Выбрать главу

Утро загорелось ясное, по-осеннему кроткое. На острове тишина, безлюдье. Тенистая прохлада под деревьями, ранний припек — на открытом. Пахнет пожухлой листвой и мятой. Три соколка, заметив нас, с писком закрутились над вершинами сосен и улетели с острова. В траве между ивовыми кустами Ярик запрыгал, завертелся. «Лечь!» Лежит, хахает открытой пастью. «Вперед!» Встал и опять крутится. «Лечь!» Тетера вылетела далеко за кустами и, поблескивая белым подбоем гнутых крыльев, совершила обычный перелет через проточину. Начнем сначала. «Ярик, рядом!»

Чтобы взять ветер и не спугнуть птицу, пробираюсь у самой воды. Ярик у ноги. Некошеная высокая трава, поместному называемая «береговина», смыкается с узенькой полоской камышей.

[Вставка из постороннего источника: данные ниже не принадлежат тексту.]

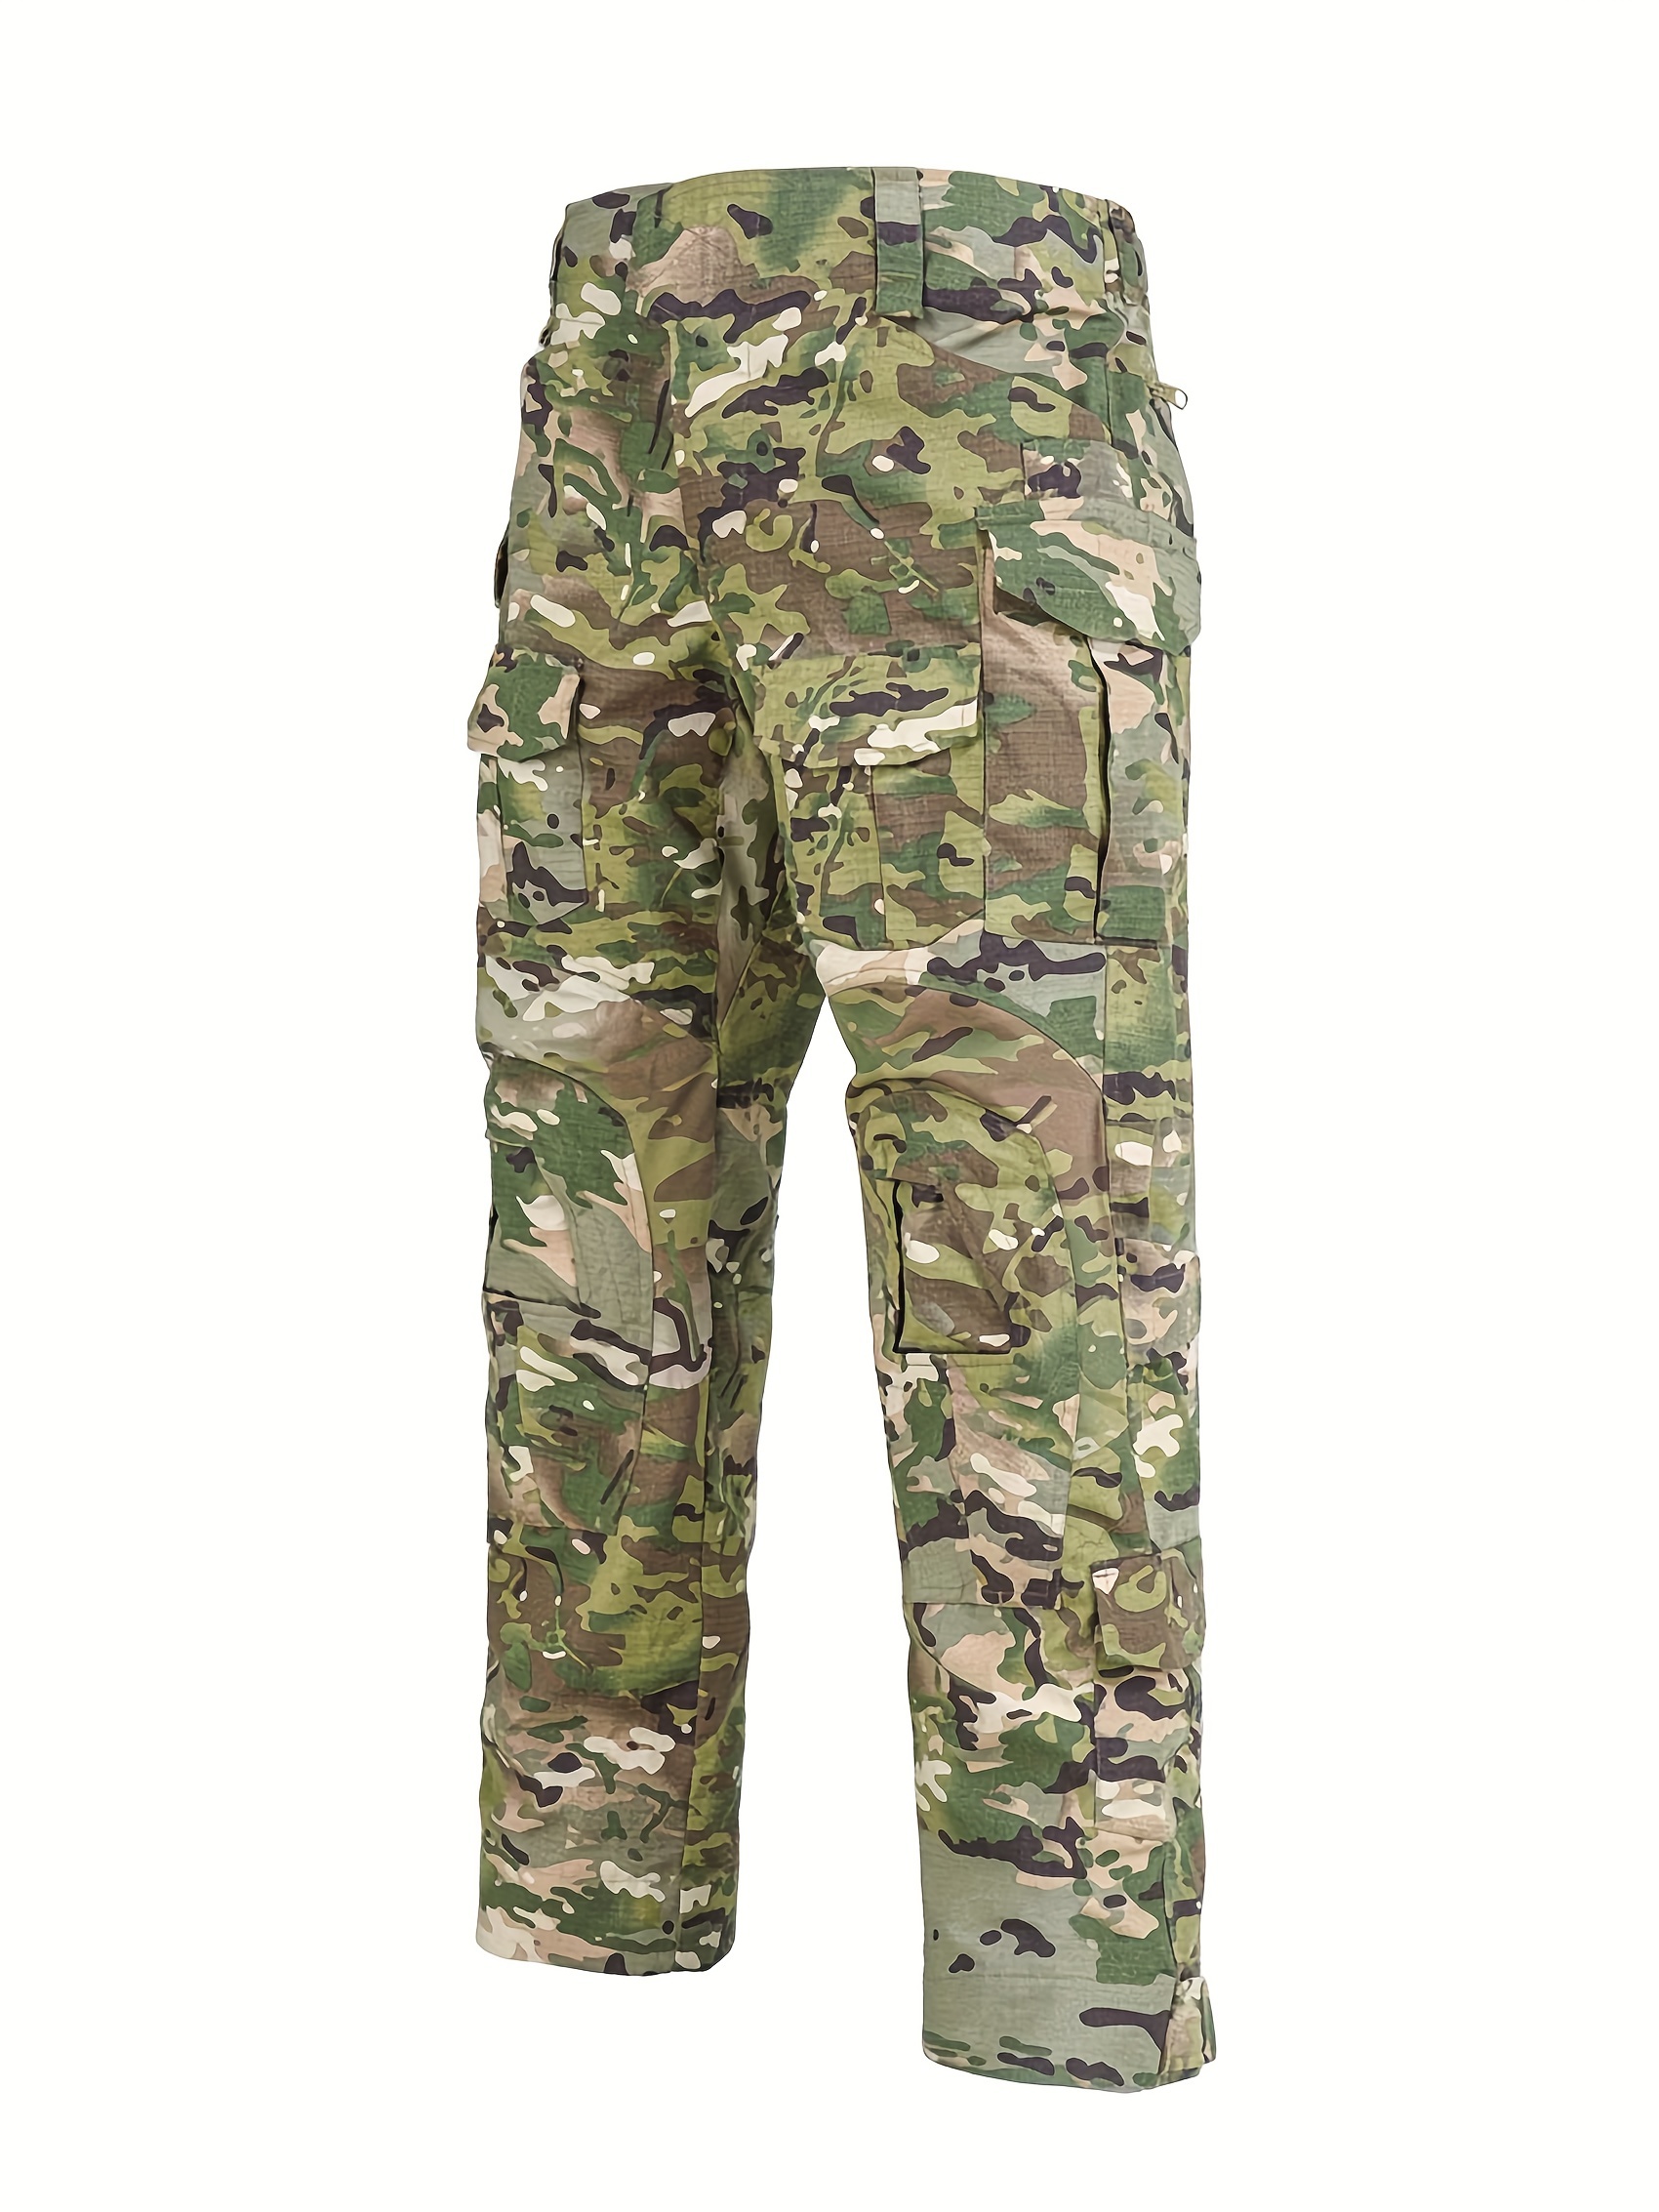 Men Militar Uniform Tactical Military Outdoor Combat Camouflage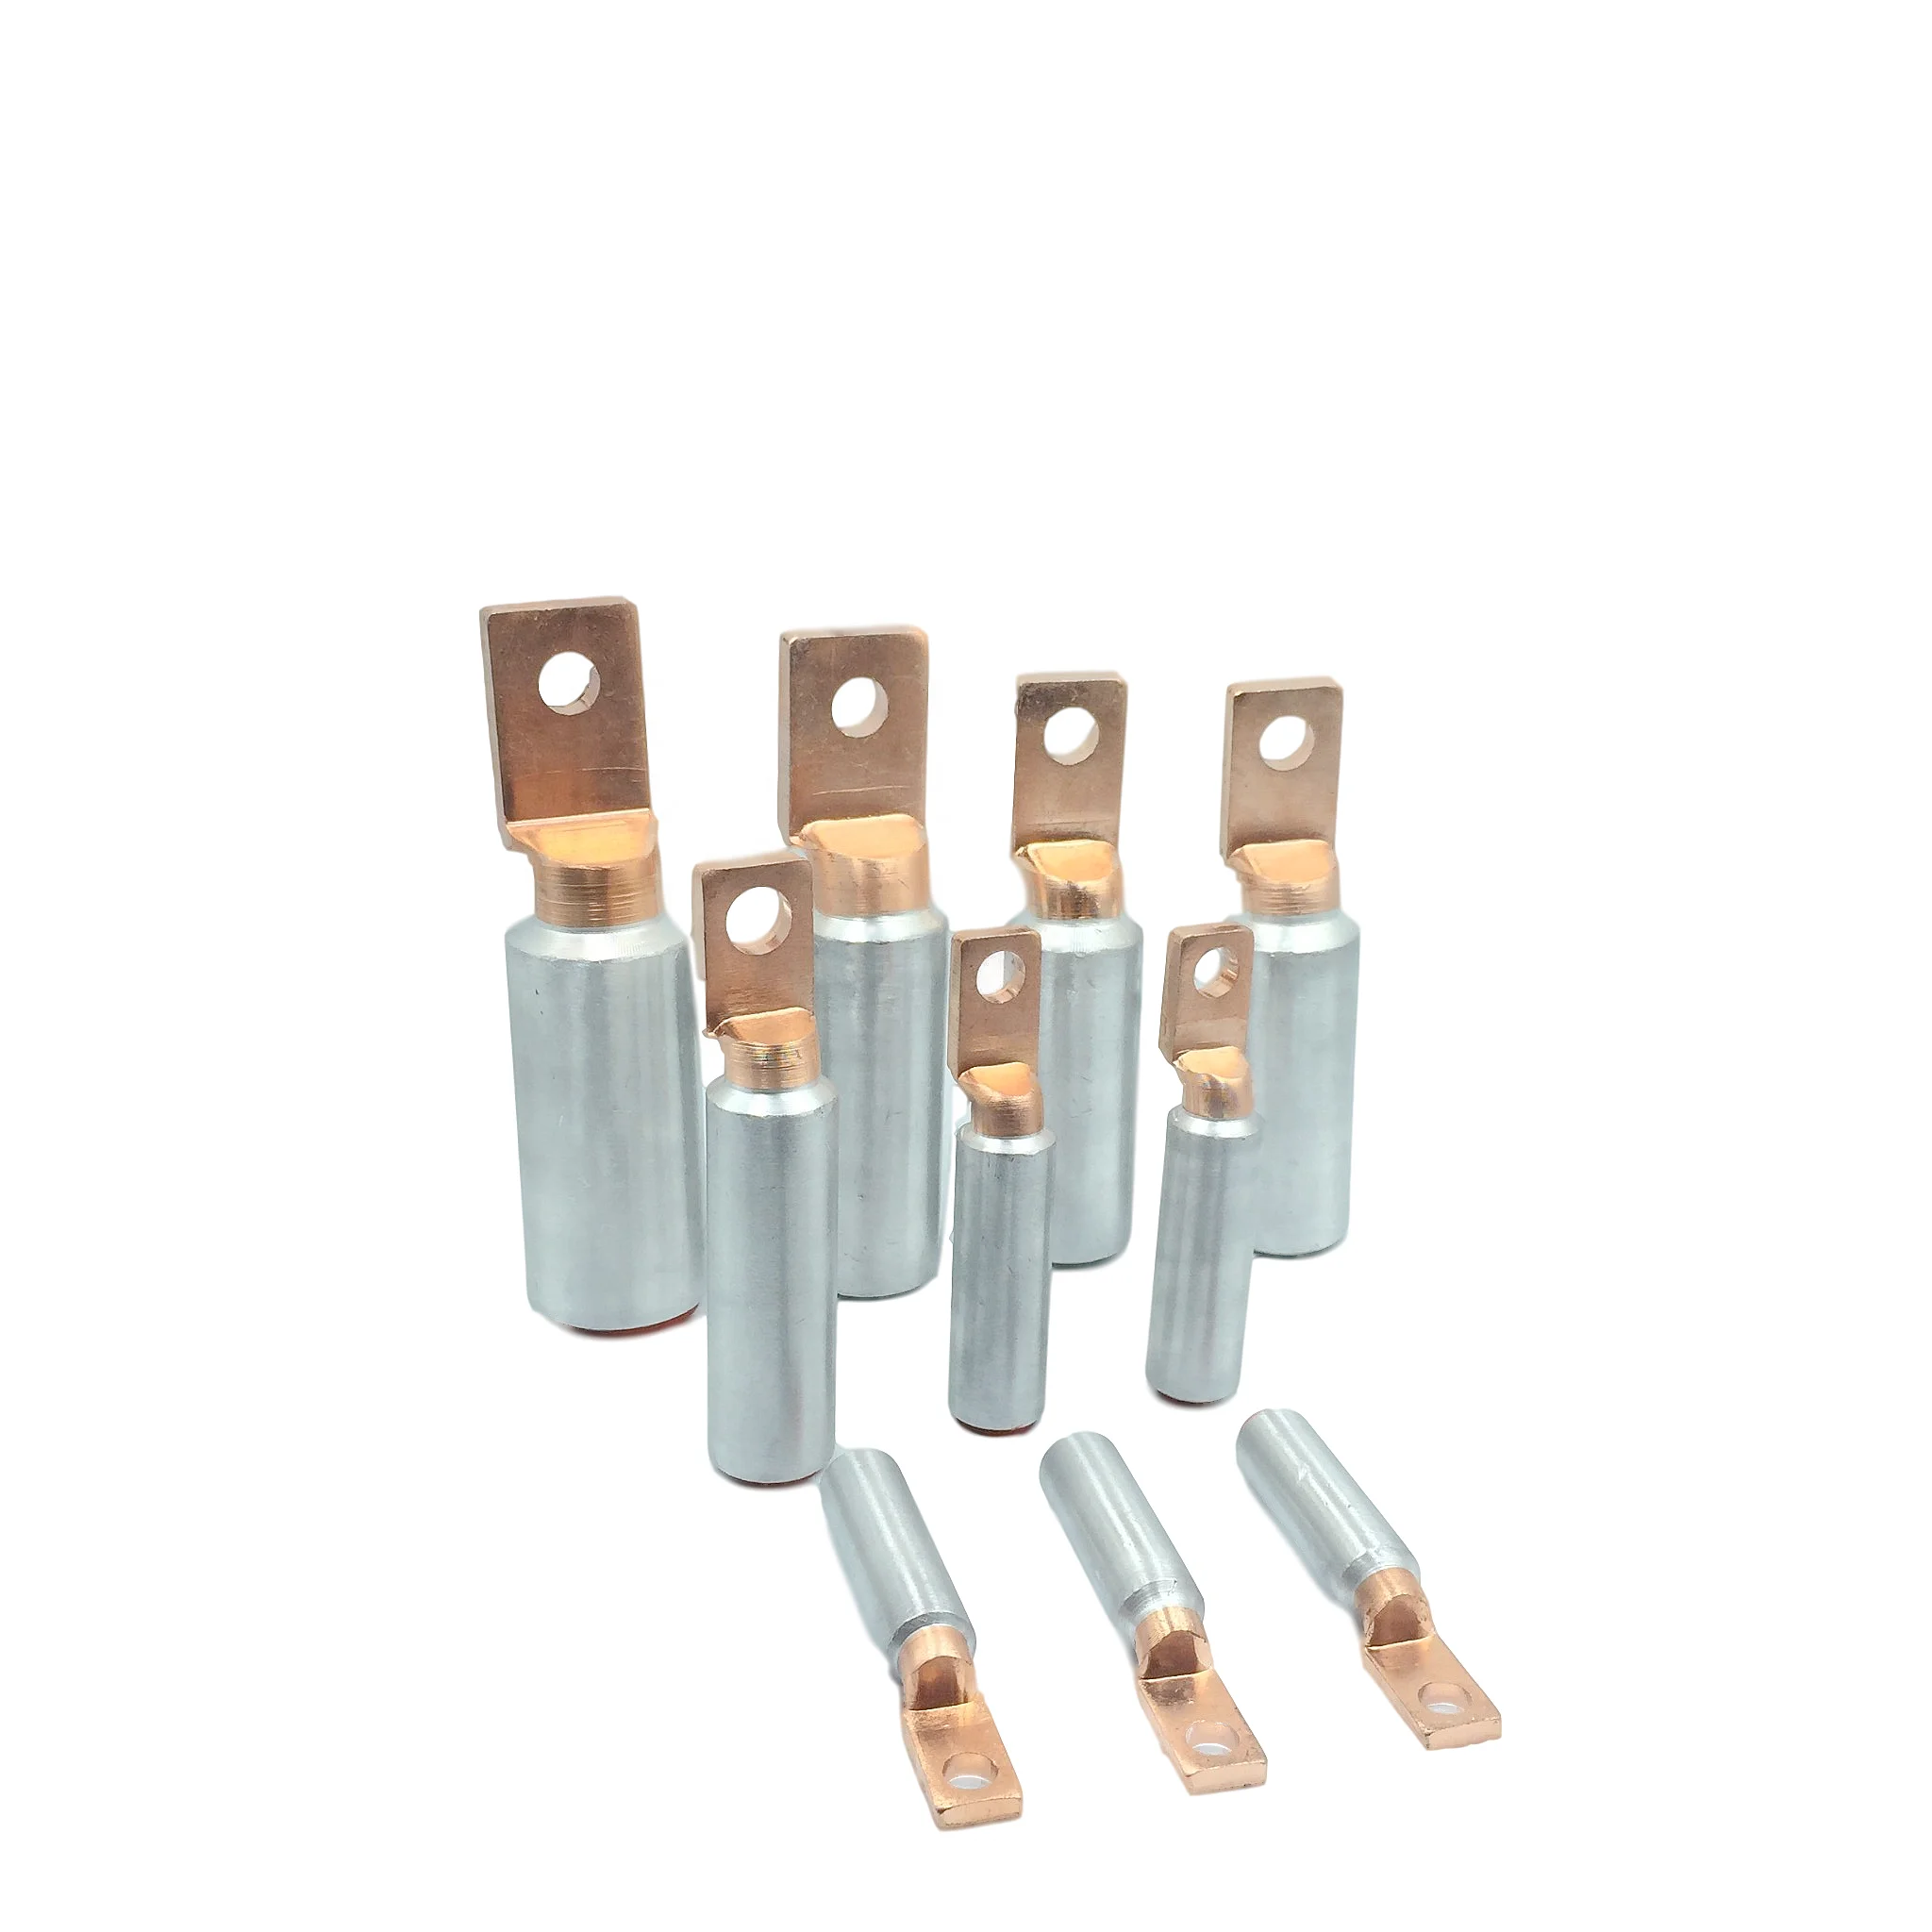 
DTL Series Square head aluminum copper bimetallic cable lug connector terminal

Слышу там всплеск, такой знакомый и волнующий, — взлетают три кряквы. Длинные шеи, плоские головы, синие зеркальца на крыльях. Рву с плеча ружье, стреляю уже далековато. Одна утка камнем падает на середине плеса, именно камнем, ни на секунду не задерживаясь на поверхности, нырнула. И… что это?

Рыжая голова плывет, торопится, рассекая уголком воду, туда, где круги от падения птицы. Доплыл, кружится на месте, высоко подняв голову. Явно ждет, что утка вынырнет. Похоже, не первый это у него случай. Странно… Кряква пропала, давно пора вынырнуть, озеро гладкое, а ее нет и нет. Я-то знаю, что она уже давно проскользнула под защиту берега и воровато выбралась на сухое. Удивительно, что и Ярик знает. Вернулся ко мне и, не задерживаясь, внимательно обследует берег: в одну сторону от воды до кустов, вернулся, деловитым галопом проскакал мимо в другую сторону и все дальше и дальше обыскивает берег. Боже мой! Бросок за падающей уткой, а затем поиски на сухом. Так работал знаменитый Джойс Померанцева — ни один подранок не уходил, ни один!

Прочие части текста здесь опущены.